ただ、このドル売りの動きが長続きする保証はなく、世界的な成長鈍化に伴うリスク回避から、ドルは優位を保つとの指摘は根強い。今週のドル円は145円寸前まで急上昇していたが、失速した格好となっている。しかし、まだ上値を目指す流れに大きな変化はないものと見られている。
この日はウォラーFRB理事やブラード・セントルイス連銀総裁の発言が伝わっていた。いずれも、9月FOMCでの大幅利上げを支持する意向を示している。市場では0.75%ポイントの利上げ期待が高まっているが、その期待を裏付ける内容ではった。
しかし、きょうの市場の反応は鈍い。市場は0.75%ポイントの利上げを既に90%近く織り込んでおり、サプライズはないようだ。なお、FOMC委員からタカ派な発言が相次いでいるが、9月のFOMCは20、21日に開催される。その前々週の土曜日からFOMC委員は発言を控えるブラックアウト期間に入り、それは明日からとなる。
ユーロドルも買い戻され、ロンドン時間には一時1.01ドル台まで上昇する場面も見られた。NY時間に入ると1.00ドル台半ばまで伸び悩んでいる。
市場ではECBのさらなる大胆な利上げを見込む声が増えており、ECBはこの先、合計で1.75%ポイントの追加利上げを実施し、今回の利上げサイクルの着地点は2.50%に達するとの見方が出ている。
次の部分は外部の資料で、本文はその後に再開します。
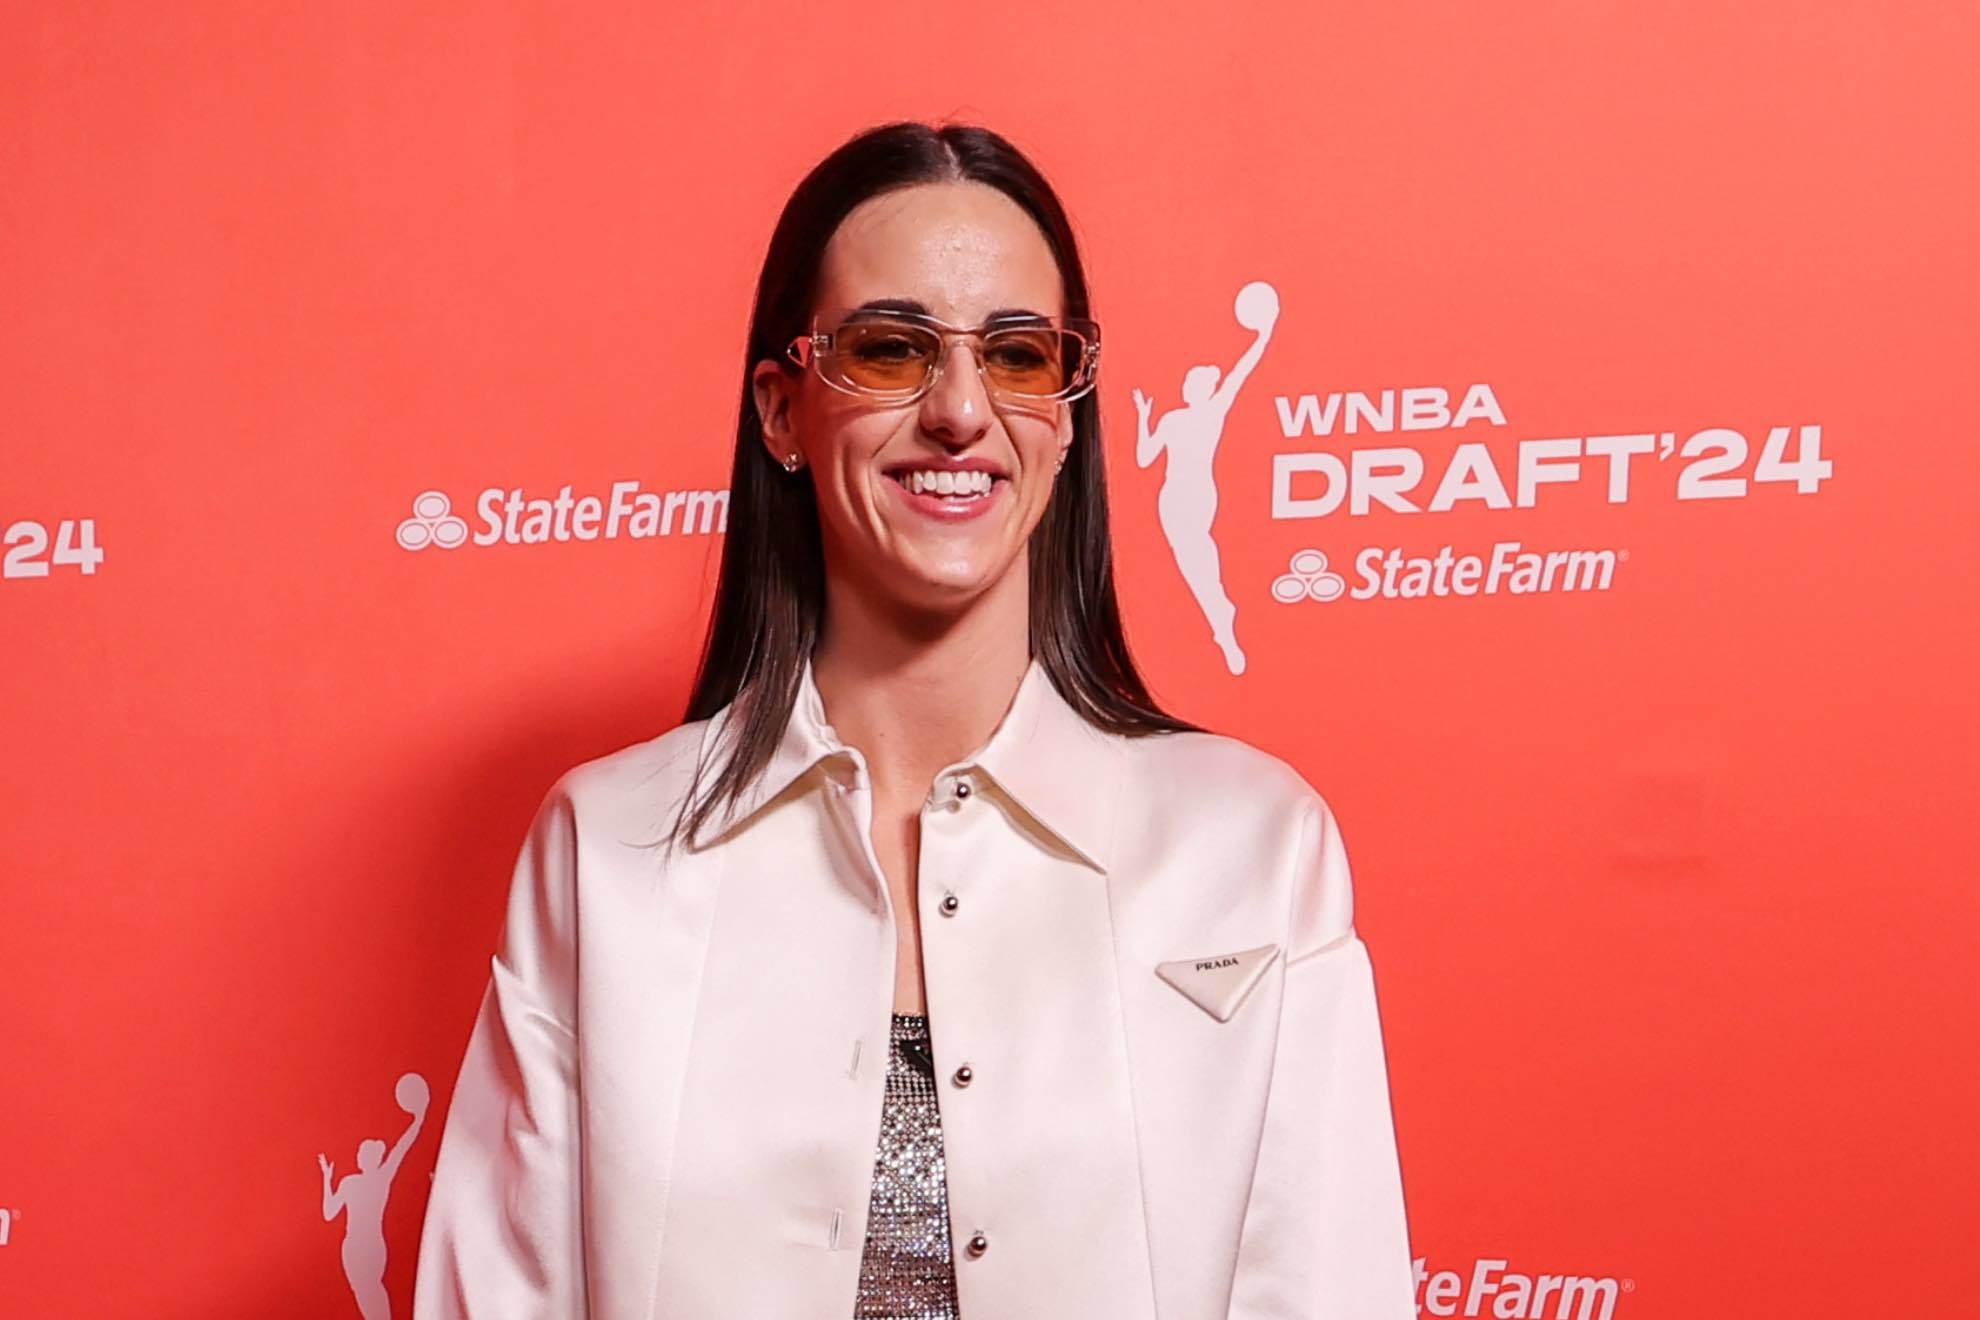 Caitlin Clark had plenty of eyes on her as the No. 1 pick of the WNBA Draft

来月も0.75%ポイントの追加利上げが実施され、12月に0.50%ポイント、そして、来年第1四半期に0.25%ポイントの利上げが実施される可能性があるという。市場は来月の0.75%ポイントの利上げの確率を60%で織り込んでいる。
そのような中、上値でのショート推奨の声も聞かれる。0.97ドルを下値ターゲットとし、ストップを1.05ドルに設定すべきだという。この見解の背景には、「スタグフレーションの環境下での利上げは通貨を支えるには非効率」との考えがあるという。なお、目先は9月25日のイタリア総選挙、月末のユーロ圏消費者物価指数(HICP)、そして、欧州エネルギー価格の動向を重要なカタリストとして挙げている。
ポンドドルも買い戻しを強めた。ロンドン時間には一時1.16ドル台半ばと、8月31日以来の高水準まで上昇する場面も見られた。エリザベス女王の崩御に伴い英国は10日間の喪に服す期間に入っている。英政府関連の一部業務も停止しており、英中銀もこの日のインフレ意識調査を延期したほか、来週15日に予定していた金融政策委員会(MPC)の結果発表を1週間延期し、9月22日に変更した。
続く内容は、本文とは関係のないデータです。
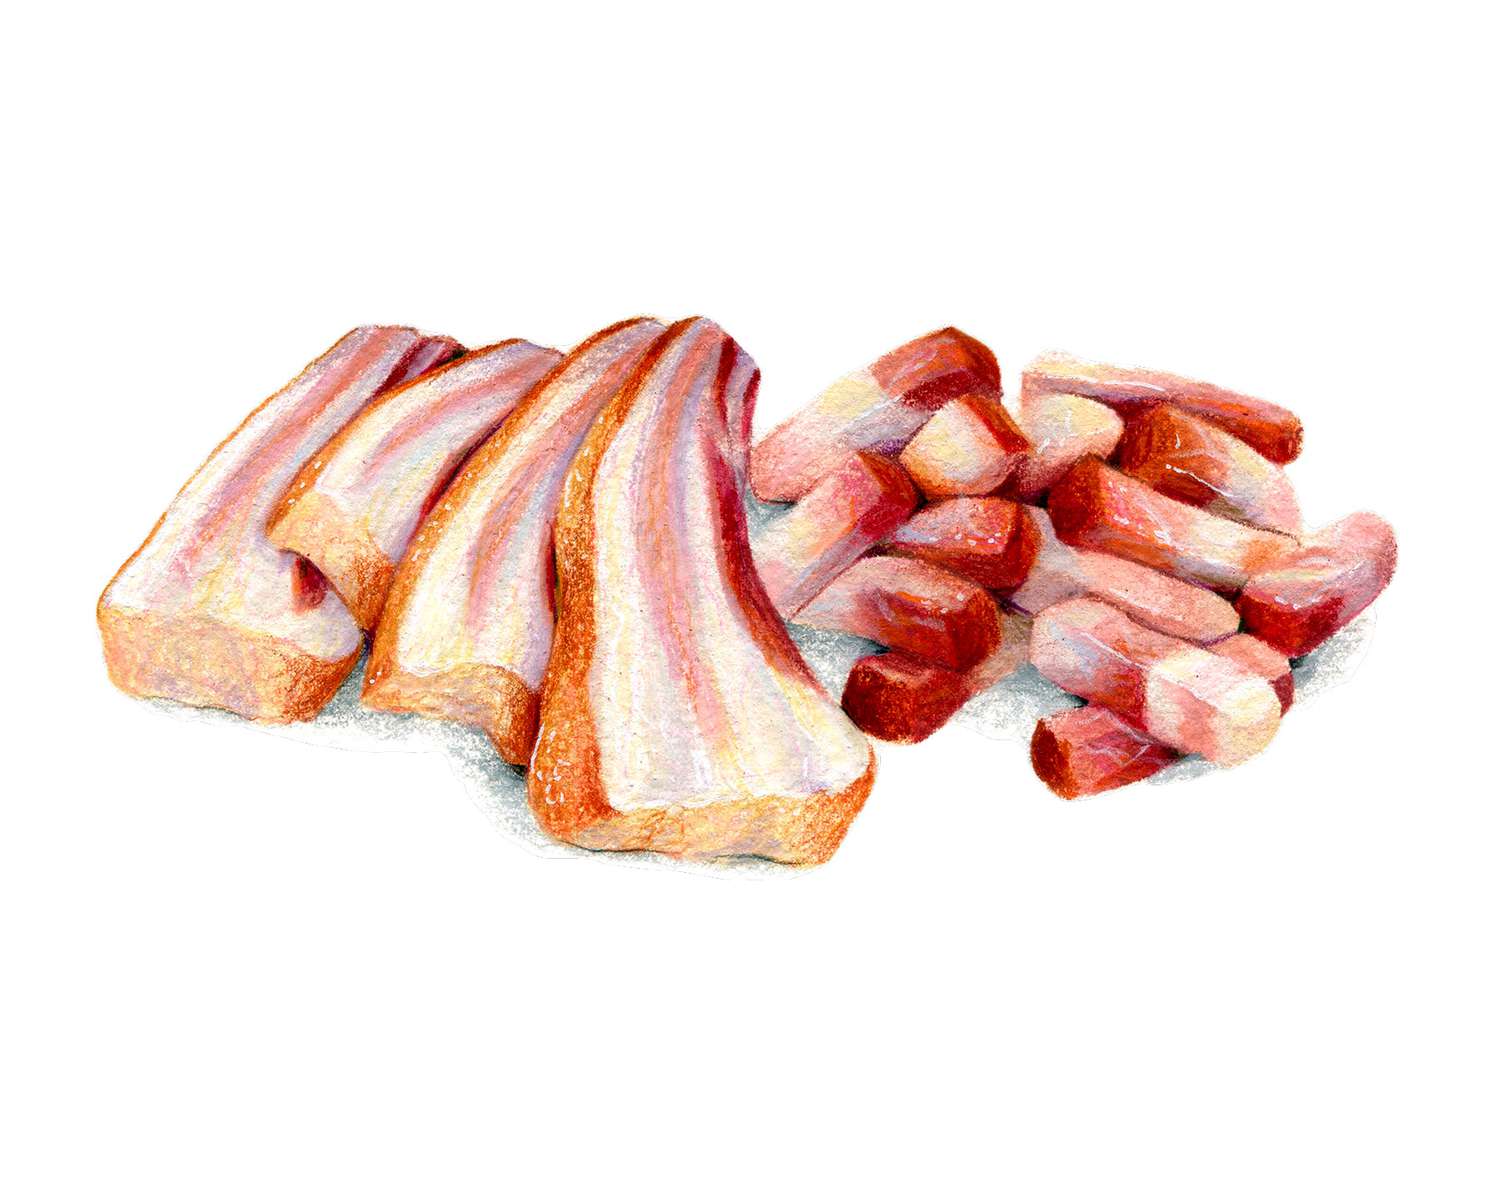 Types of bacon cuts - Thick-cut bacon

トラス英首相が打ち出した光熱費抑制策により、家庭の電気ガス料金に上限が設けられたことで、今後数四半期に英経済が景気後退に陥る可能性は薄れたとの見方が出ている。今回の措置によって、平均的な家庭は今後半年間、過去半年間よりもエネルギー料金の負担が軽減され、目先のインフレ見通しは改善するとしている。英消費者物価指数(CPI)は7月の10.1%から10月に10.8%のピークまで上昇し、その後は緩和に向かうとも指摘。また、家計の実質可処分所得はすでに底を打ち、景気後退をなんとか回避できるだけの伸びが見込まれるという。
ただ、政府の光熱費抑制策の財源をどう賄うのかといった懸念材料も台頭している。少なくとも一部は英国債で賄われる可能性が高く、それはポンドにとってマイナス材料との指摘も聞かれた。